And I know there's self-driving car issues with being able to process people on bikes or whatever and stuff like that. If we, instead of just spewing it everywhere, I think is the point I'm trying to make, which is what we're doing now. We're just sort of sprouting like "Is ML going to help here? Let's see." And before you know it, you've just done something sort of really kind of abrasive. 

So I think it's okay for us to focus on the more mechanical aspects of our lives and the way we could streamline things with technology. And that's not necessarily a bad thing, but I think we should exercise a bit more restraint when we think about throwing machines at everything, that it's humans need to interoperate with.

Temi Odumosu: That makes sense.

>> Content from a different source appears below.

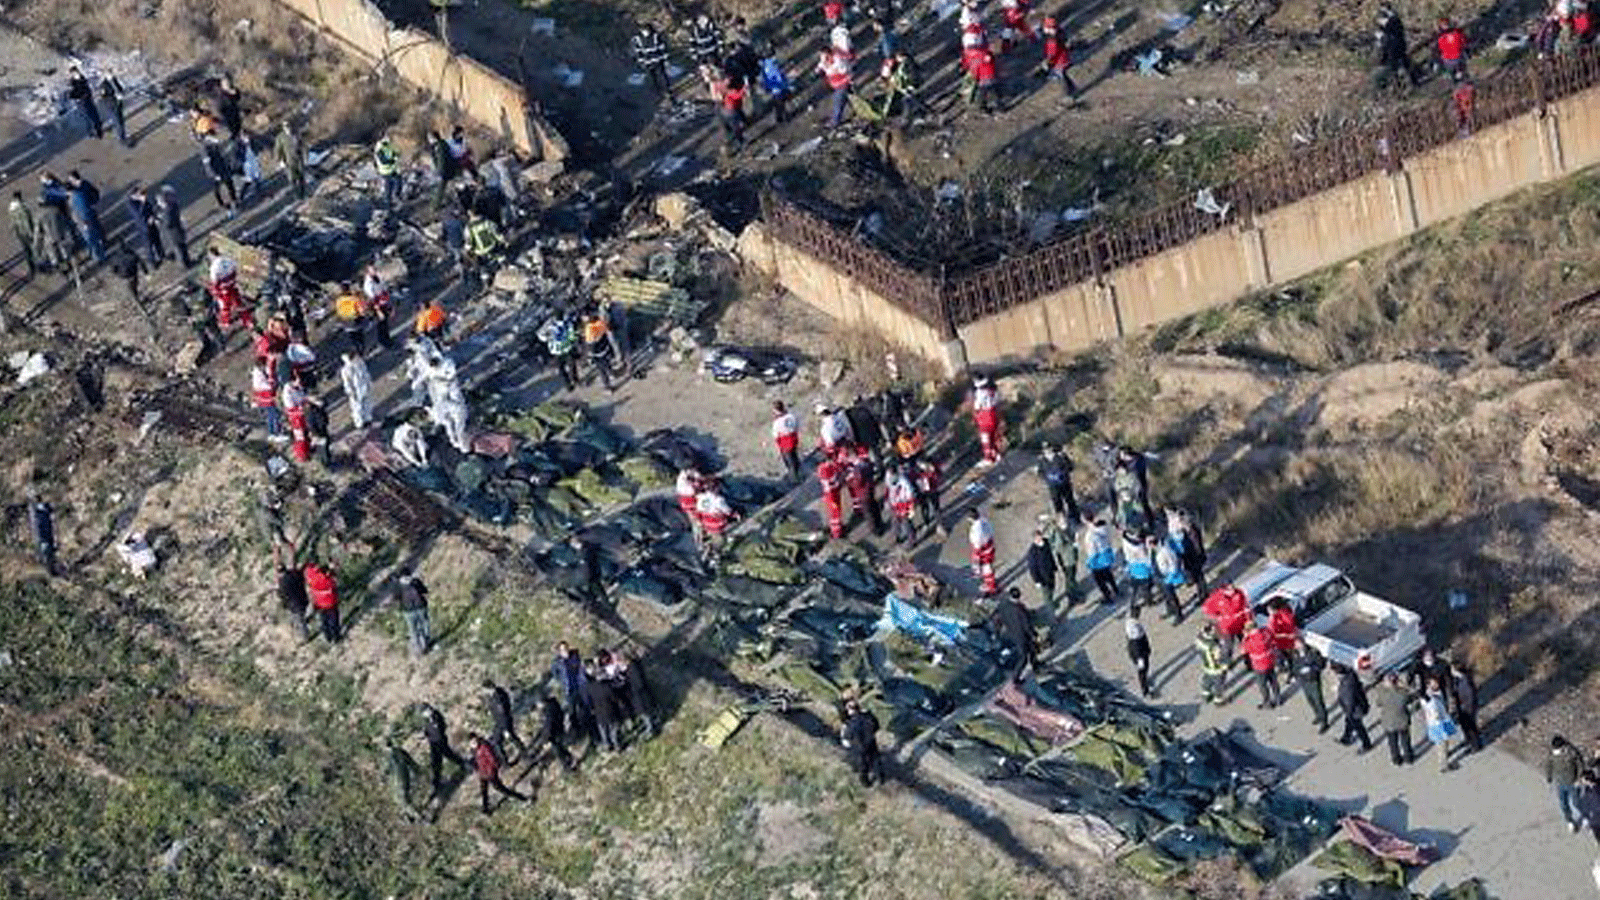 أشخاص وفرق إنقاذ وسط الجثث والحطام بعد أن أسقطت القوات الإيرانية بطريق الخطأ طائرة أوكرانية تقل 176 راكبا بالقرب من مطار الإمام الخميني في العاصمة الإيرانية طهران في 8 كانون الثاني/ يناير 2020

Yeah.

Amanda Meeks: Yeah, I like that we have covered what's happening now in terms of spewing everything everywhere and thinking about the technology piece and how we are engaging with that. 

I'm also excited to talk about the 100-year plan, which is something I first learned about from you, George.

Can you talk a little more about how you're engaging with the idea of a 100-year plan currently?

George Oates: Yeah, sure. So it was a concept that popped into my head in 2021 when I was doing all that research I mentioned before, including reading on Temi's work and other things, interviewing people and the provocation of the hundred-year plan is really that we have such short horizons when we're thinking about technologies and capitalism, we sort of live in the next quarter or this three to five-year strategic plan, but we don't really look past that.

As humans, we don't often look past our own deaths, even, or the next decade in our lives. If we're serious about actually beginning to think of these digital platforms as cultural assets, I think we need to shift the time frame a bit and also shift the way we protect them.

Because at the moment they're in corporate systems, which means the main threat is economic. You could say that about traditional archives too, but the traditional archives don't have the need to make a profit every quarter, like a corporation does. So at that very basic level, the threat is different.

And so thinking about all those sorts of factors, then I was like, "Well, what would happen if we expanded our horizon to a whole century?" because if you do that, you can sort of relieve the influence of technology in some way, because as Temi put it so well once when we were chatting about this idea, she said, "Well, nobody knows what a JPEG is going to be in 10 years, let alone whether they'll even exist as a thing in a hundred."

So how do you put that into a plan where you can't sort of budget for 50 servers in 2050 in your plan, that doesn't make any sense. And the interesting thing is, if you take that out of the planning thinking, what technologies you would need, that lets you ask all kinds of different questions, which are actually much more social and sort of organizational than technological. 

We haven't written a hundred-year plan yet for the Flickr Foundation, because I always had thought, even from the very first moment of the idea, that I shouldn't be the one to write a hundred-year plan for an organization as an individual, because that's just incredibly egotistical for a start, but also it wouldn't be a rich plan. So the work I've been doing this year is having a kind of a strawman workshop which is called "How to Write a 100-Year Plan," which I've been running in a variety of situations. I'm not sure the exact number we've done, maybe a dozen now with a variety of different groups in different contexts. And I'd like to sort of go wide on the context that we run the workshop in.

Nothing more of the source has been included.